The scatterplot shows a roughly linear relationship. When looking at the residual plot, the data points vary normally around the residual line. Furthermore, all observations are independent of each other. Taking this all into account, it appears reasonable to do linear regression analysis.
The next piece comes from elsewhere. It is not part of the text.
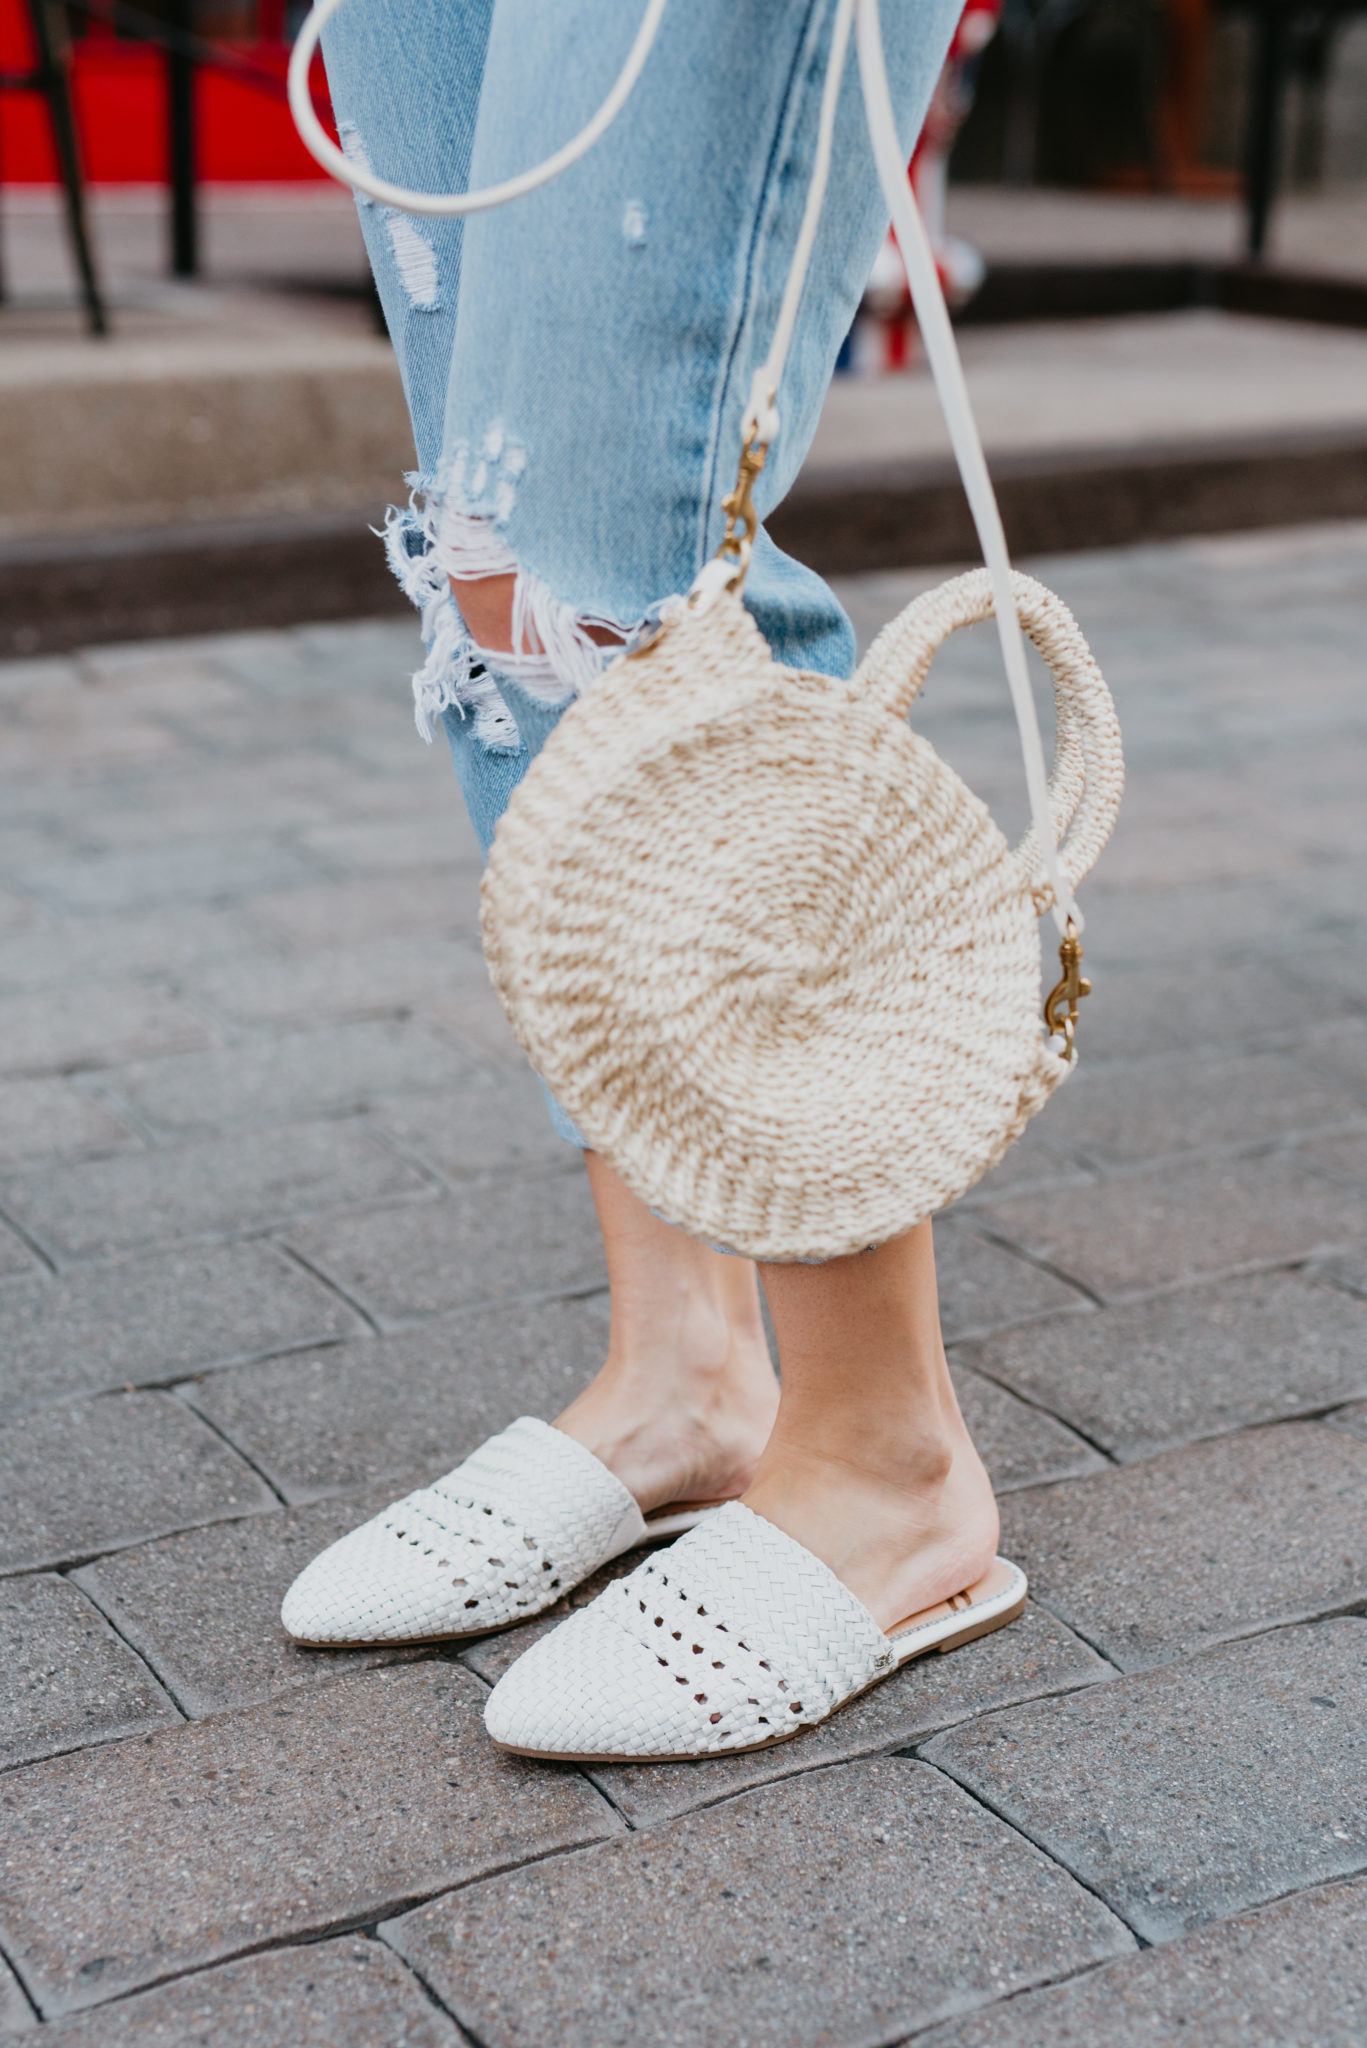 Shopbop Sale favorites featured by top US fashion blog, Outfits & Outings: image of a woman wearing Sam Edelman woven mules available at ShopBop

  1. Add the line \(y=x\) to your scatterplot and compare it with fitted line. Describe what you observe from the two lines. Is the sales price typically larger or smaller than the assessed value? Explain your answer.
plot(data$Assessed, data$Sales, xlab = "Assessed", ylab = "Sales")
abline(lm(data$Sales ~ data$Assessed))
abline(0, b =1)

Looking at the two lines in relation to my scatterplot, it appears that the sales price is typically larger than the assessed value up until a certain point around an assessed value of 250, at which point the tables turn and sales price is underneath the assessed value.

Problem 5

Refer to the previous problem. Based on your fitted line.

  1. Calculate the predicted sales prices for homes currently assessed at 155K, 220K, and 285K dollars.

Using the model created by the computer(intercept value = 37.4102, slope value = .8489x), We find several estimations: 155k = 168.9897 (thousands of dollars) 220k = 224.1682 (thousands of dollars) 285k = 279.3467 (thousands of dollars)

  1. Construct a 95% confidence interval for the slope. Explain what this model tells you in terms of the relationship between assessed value and sales price.

b1 += t* * SEb1 Using the statistics calculated during the summary, we find a df =27, a SE of .1208, a mean value of .8489, and a t* value of 3.057

Thus, the interval is (.4796, 1.218) This model tells us that the price sold add increases by (slope) whenever the assessed value increases by 1.

  1. Based on your results, What is the sum of squared residuals for your model? What is the fraction of variation in sales price that is explained by the regression line?

The squared residuals value is .6334, which means to say 63.34 % of the variation in sales price can be explained by the linear relationship between sales price and assessed value.

  1. Consider the line \(y=x\). Compare the sum of squared residuals from this model to the model in part (c).

If we evaluate the line y=x, the sum of the squared residuals will be zero because y=x is a linear relationship.